Is it going to get accepted into Firefox? No. Just like the last 5 times people tried to do this.
What I currently do is constantly keeping my patch up to date and recompiling Firefox for my Desktop and Laptop (ARCH and Kubuntu) every night based on the current source from the latest trunk release.
But it’s not nearly worth the effort to do this when the browser could easily accept one of the many patches people have written by now to get rid of pocket as part of the system and to move it into an addon.
Same with the ad-ridden new tab page. Put that stuff into an addon and allow me to uninstall it.
Expose the EME DRM feature as plugin on the plugins page, and allow me to uninstall it (I do not know if this is yet the case, I haven’t checked).
I don’t want to have to maintain a huge patchset just to run my browser.
I already have to hack-fix bugs like the before mentioned drag-and-drop bug myself (or downgrade to Gtk3.14).
I find it hard to believe that someone with significant karma on HN doesn't understand surveillance-as-a-business-model. Just being a yet another Service As A Software Substitute[1] is bad enough, but in this case these rent-seekers are exploiting user ignorance (it's a "dark pattern"). Firefox has always been a local app, with remote features requiring the user to opt-in to an extension. The distinction between Mozilla "only providing a button" and the actual feature that loads from the remote SaaSS only exists for people that understand these technologies.
Mozilla is being especially hypocritical with the integration of these features. During their previous projects (e.g. Australis) Mozilla pushed a lot of previously-integrated features into extensions. This caused problems for a LOT of people, but I reluctantly supported it because a minimal core with most features as plugins is generally a good design. For them to turn around an integrate a plugin that baits people into using spyware is outrageous - and somewhat suspicious.
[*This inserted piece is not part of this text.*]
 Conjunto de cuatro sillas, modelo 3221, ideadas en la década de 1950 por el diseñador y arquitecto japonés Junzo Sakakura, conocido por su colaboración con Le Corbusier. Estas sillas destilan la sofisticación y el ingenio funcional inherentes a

That button needs to be removed because it's an attractive nuisance[2].
>This caused problems for a LOT of people, but I reluctantly supported it because a minimal core with most features as plugins is generally a good design. For them to turn around an integrate a plugin that baits people into using spyware is outrageous - and somewhat suspicious.
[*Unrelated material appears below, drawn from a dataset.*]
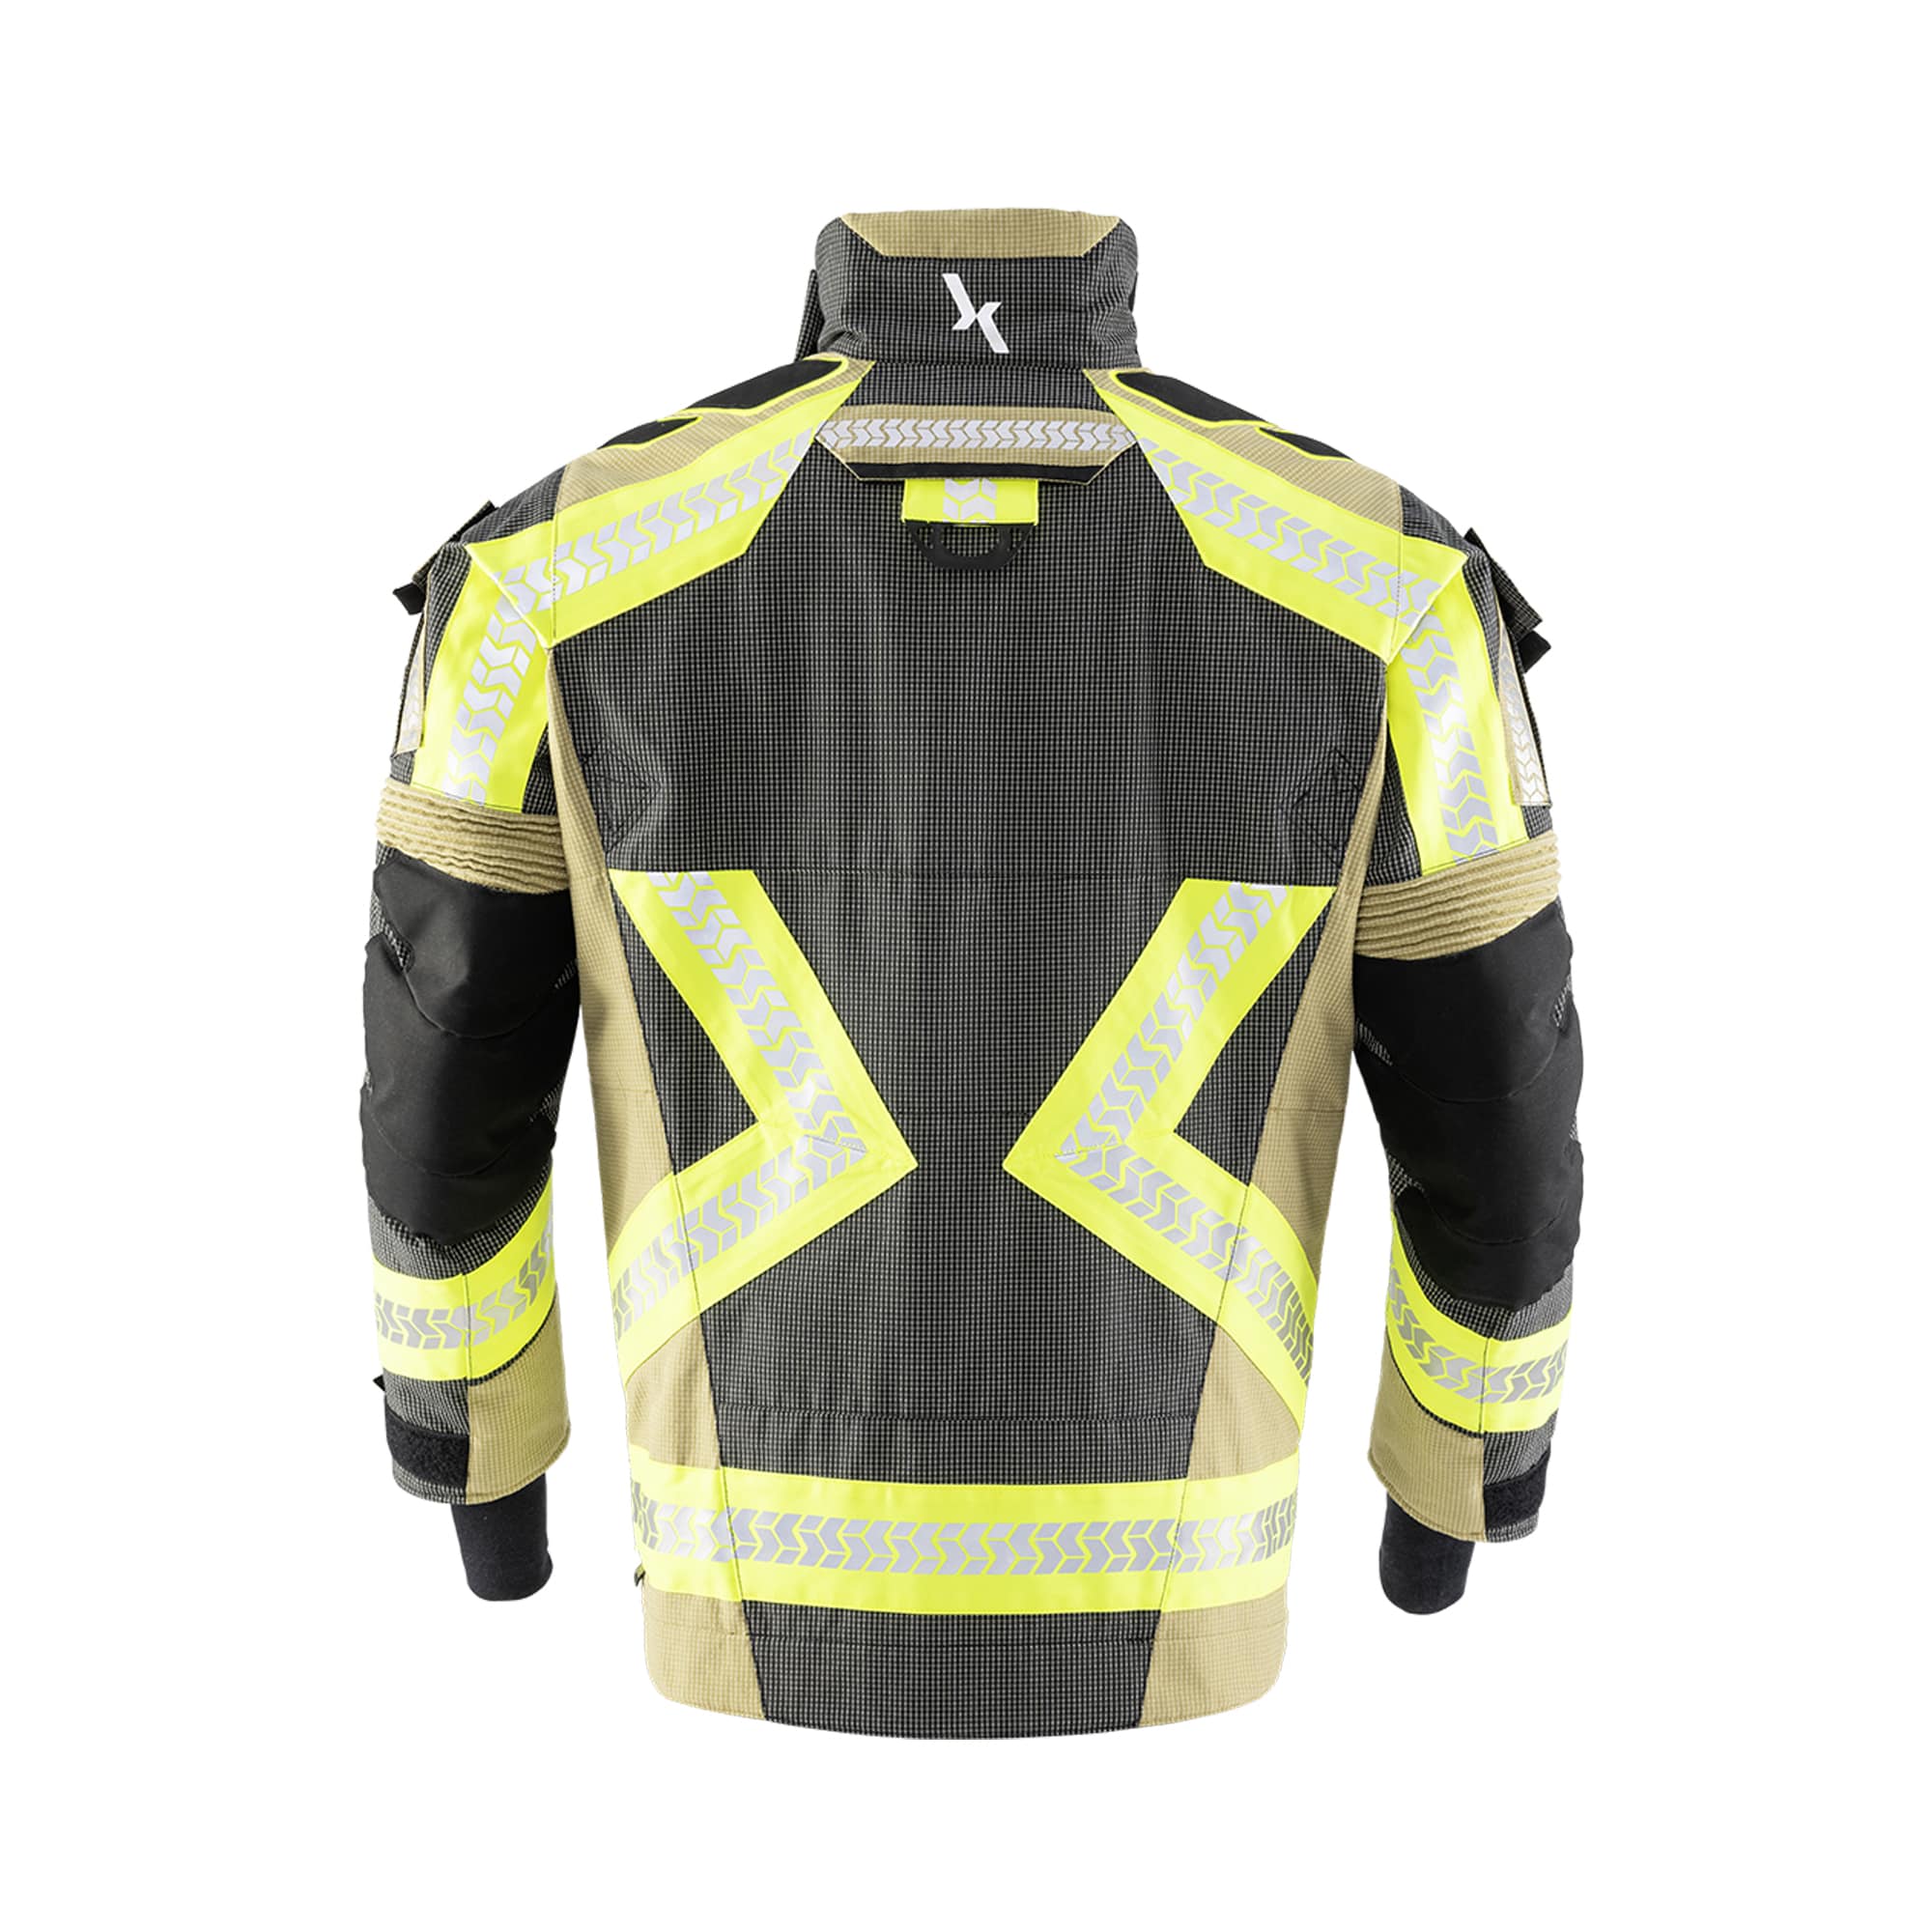 Interventno vatrogasno odijelo Texport Fire Stretch

Bah. It's basically a lightweight extension, and will soon get packaged as one. It's not integrated into the core, which means the main anti-bloat principles are still upheld.
And it's not like it hides the process of making an account. If you want to sync things, you need a server. Not suspicious.
Sync was useful in it's original form that was encrypted entirely client-side. With the recent(-ish) changes, Sync should be considered spyware (or at least having the potential to be hijacked into spyware).
But does making this stuff uninstallable and difficult to disable really make them that much additional money? Seems like a poorly negotiated deal if that was really part of it.
That's like saying that bookmarks are disabled by default because the bookmark code does nothing until you interact with the browser, eg click the star or type in the "awesomebar".
If it's in the default UI it's not disabled, disabled means you have to take steps outside the expected workflow to enable it.
Dramatisation follows ...
"Oh, this rock I put in the middle of the floor, don't worry it's disabled; if you don't kick it or fall on it then it can't hurt you. Sure, putting it there makes you likely to trip on it; requires you to move it if you don't want to.
What's that? The company name on the side, oh that's just the company that asked us to put the rock here. Yeah, we're totally honouring our roots and keeping with minimalism aren't we!
No, no, it's not an advert - many of our users like having this rock here.
Next week we're going to scatter marbles on the floor, each one says 'drink more Koke', aren't we just being awesome.
Ha, do you remember when you had to choose for yourself which junk to clutter your office up with."